Leave every picture out, then reproduce the rest of the listing exactly.

■ GIVEN MATERIAL:
--- START ---

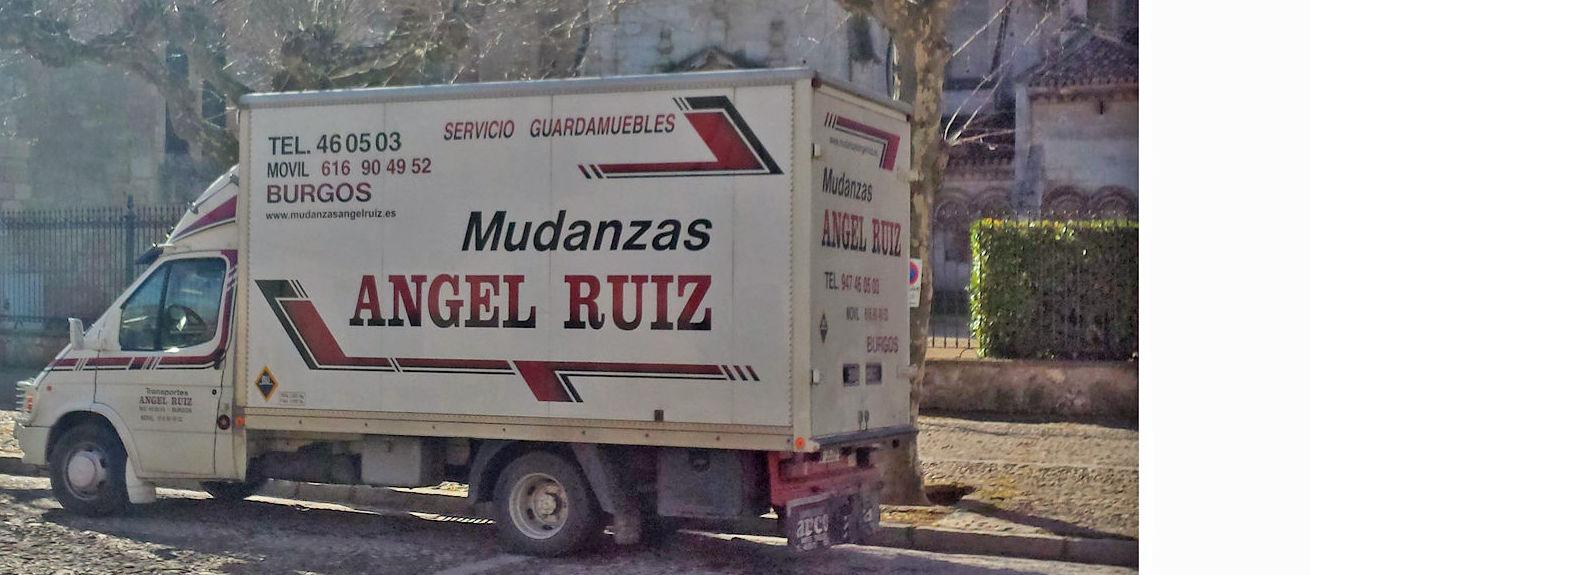 Mudanzas locales y nacionales: Servicios de Mudanzas Ángel Ruiz
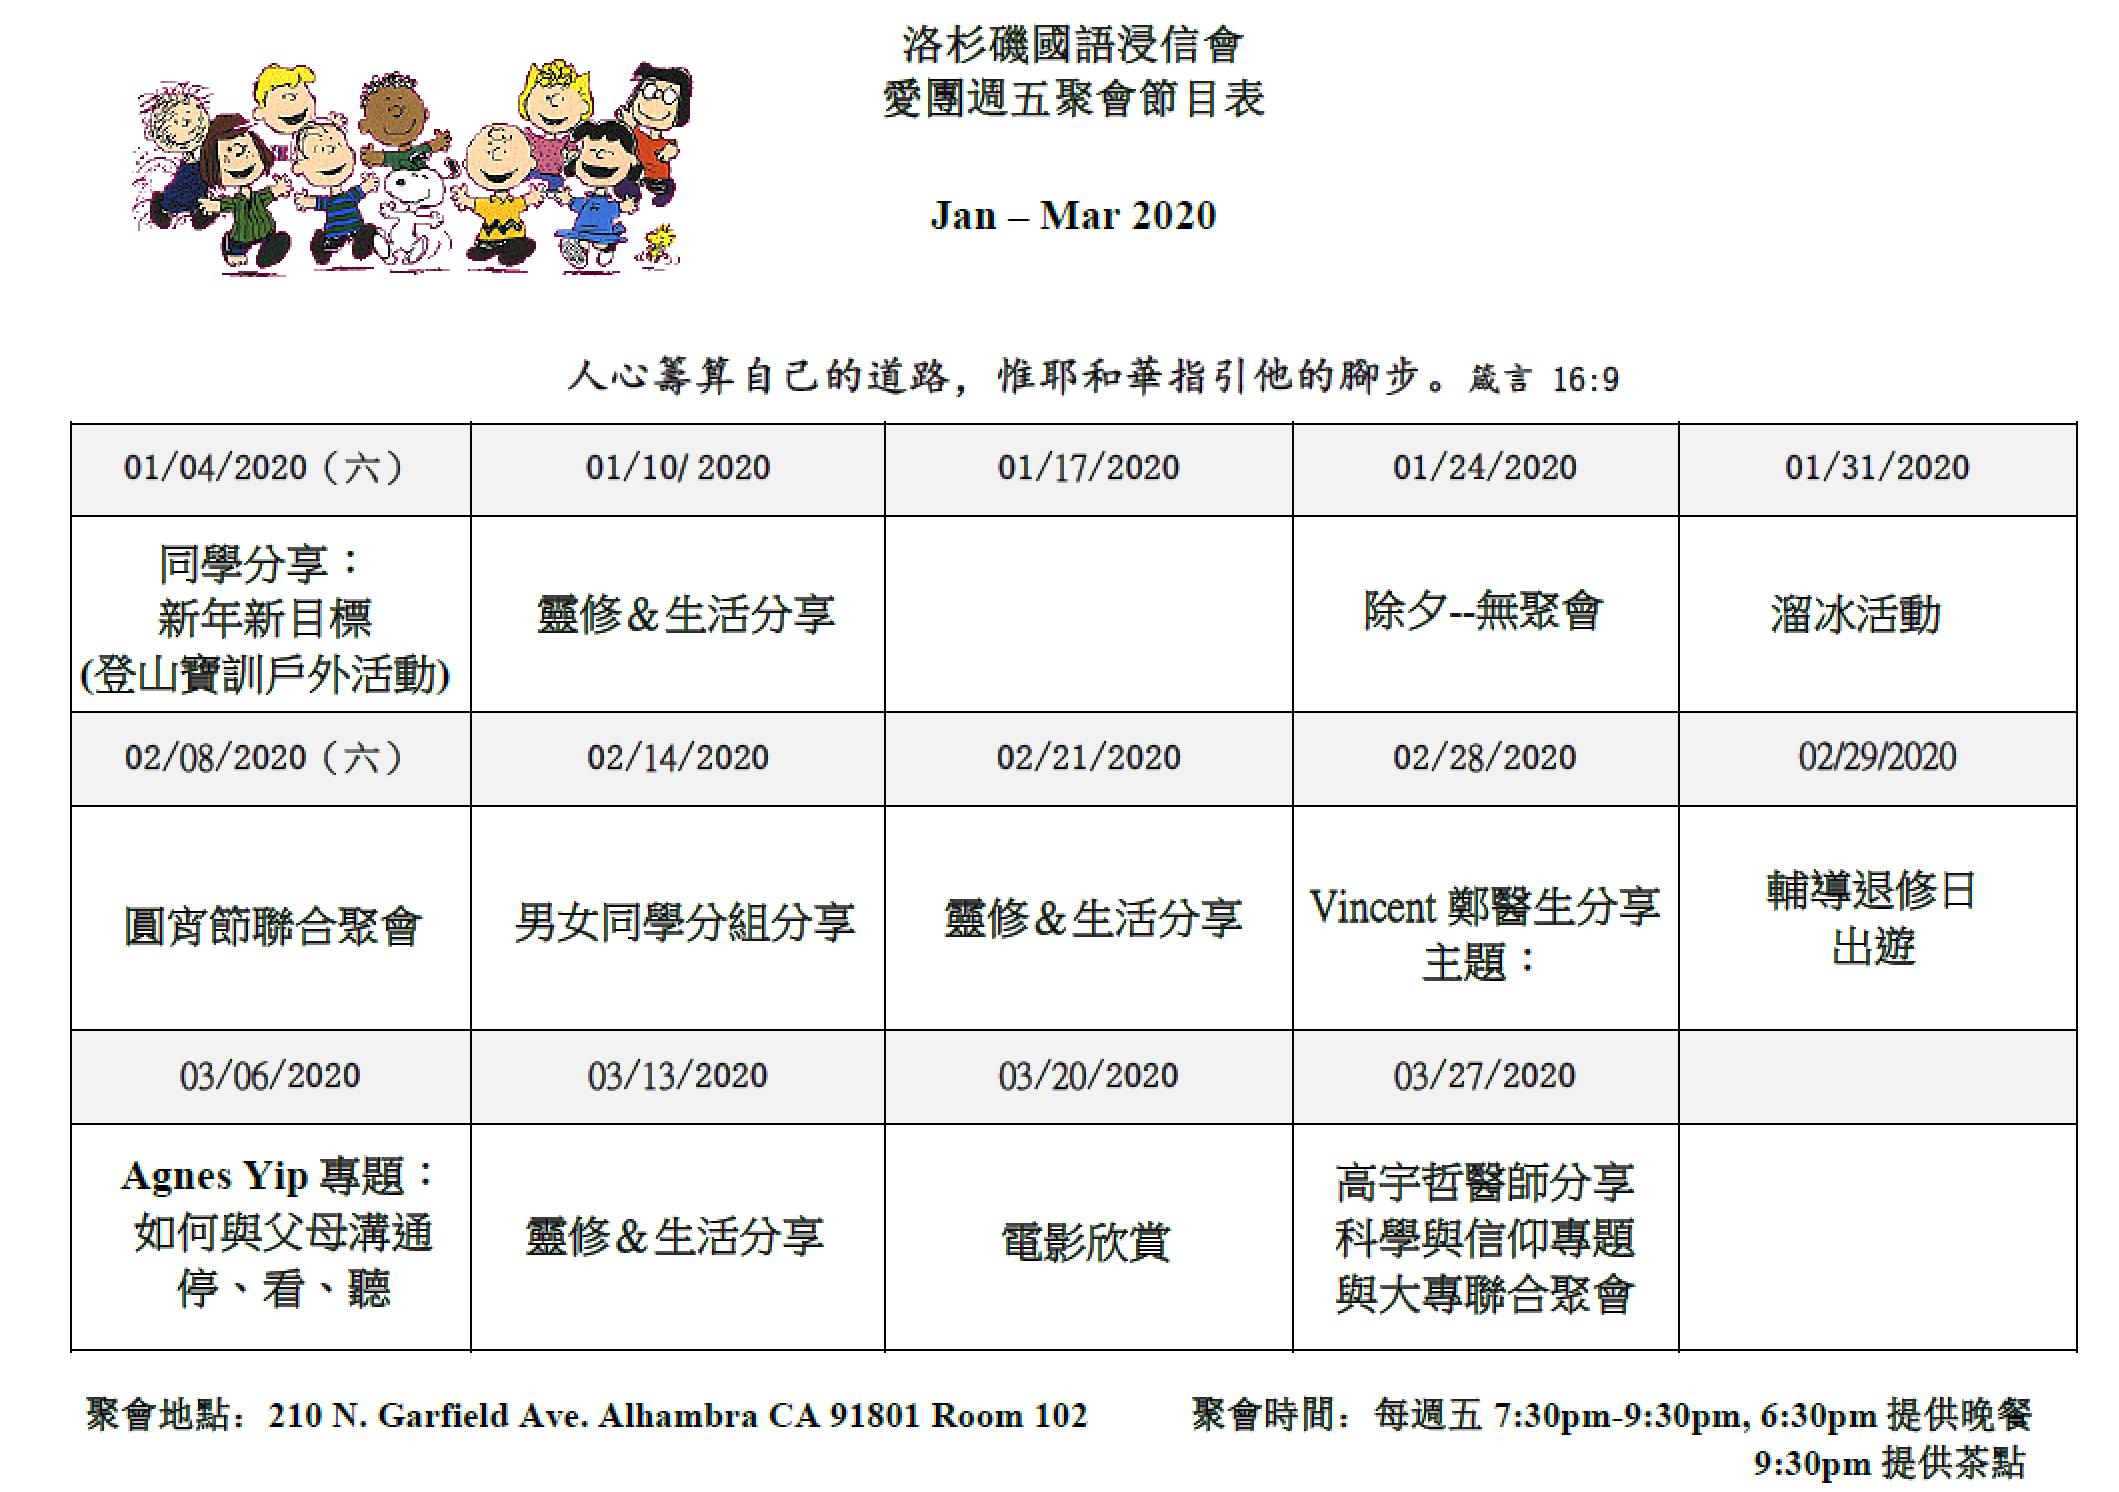 愛團節目表
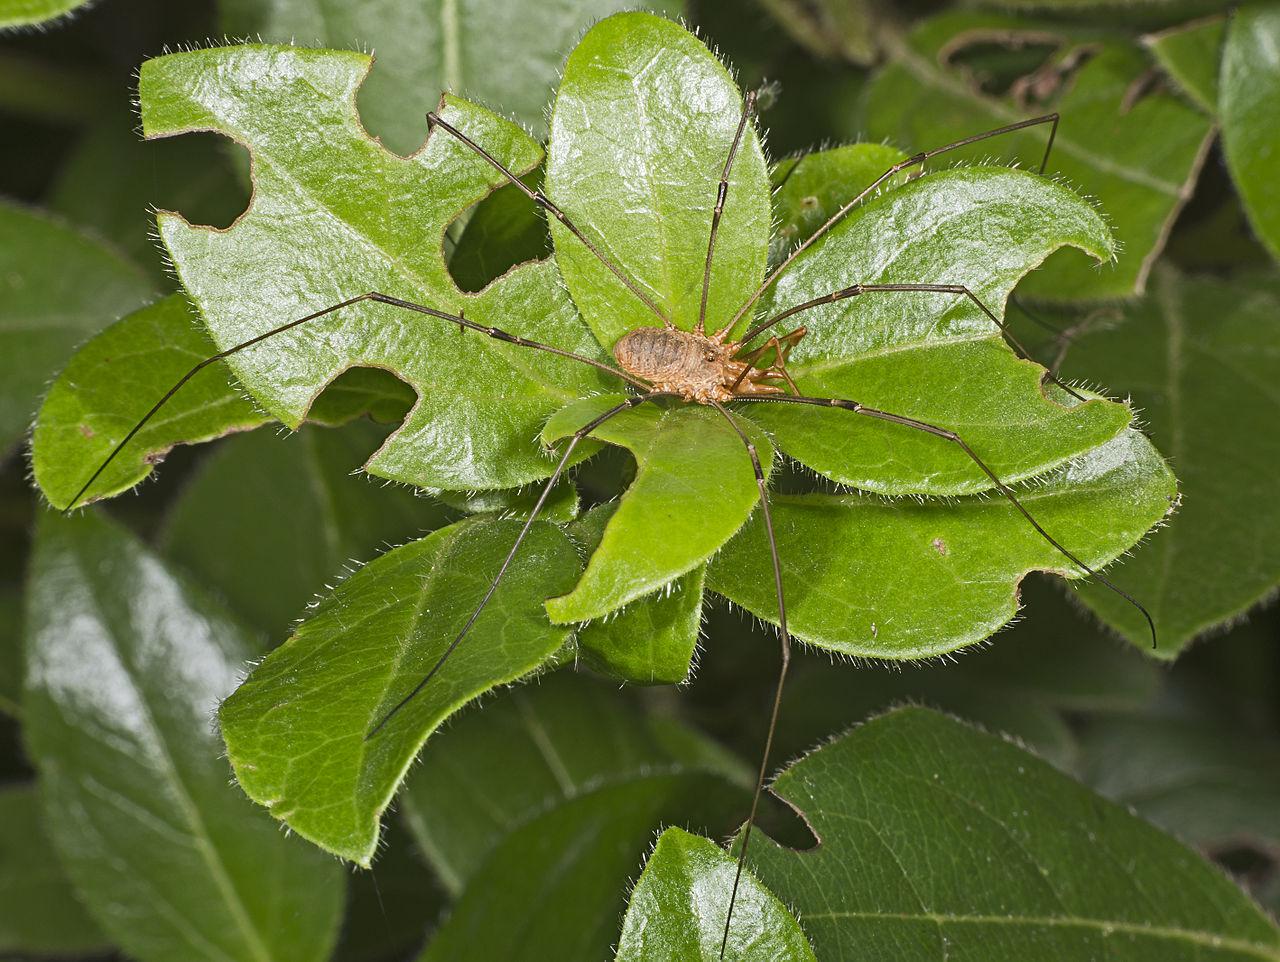 Kosec rožkatý (Phalangium opilio) - samček

--- END ---

■ RESULT OF THE EXERCISE:
 Mudanzas locales y nacionales: Servicios de Mudanzas Ángel Ruiz
 愛團節目表
 Kosec rožkatý (Phalangium opilio) - samček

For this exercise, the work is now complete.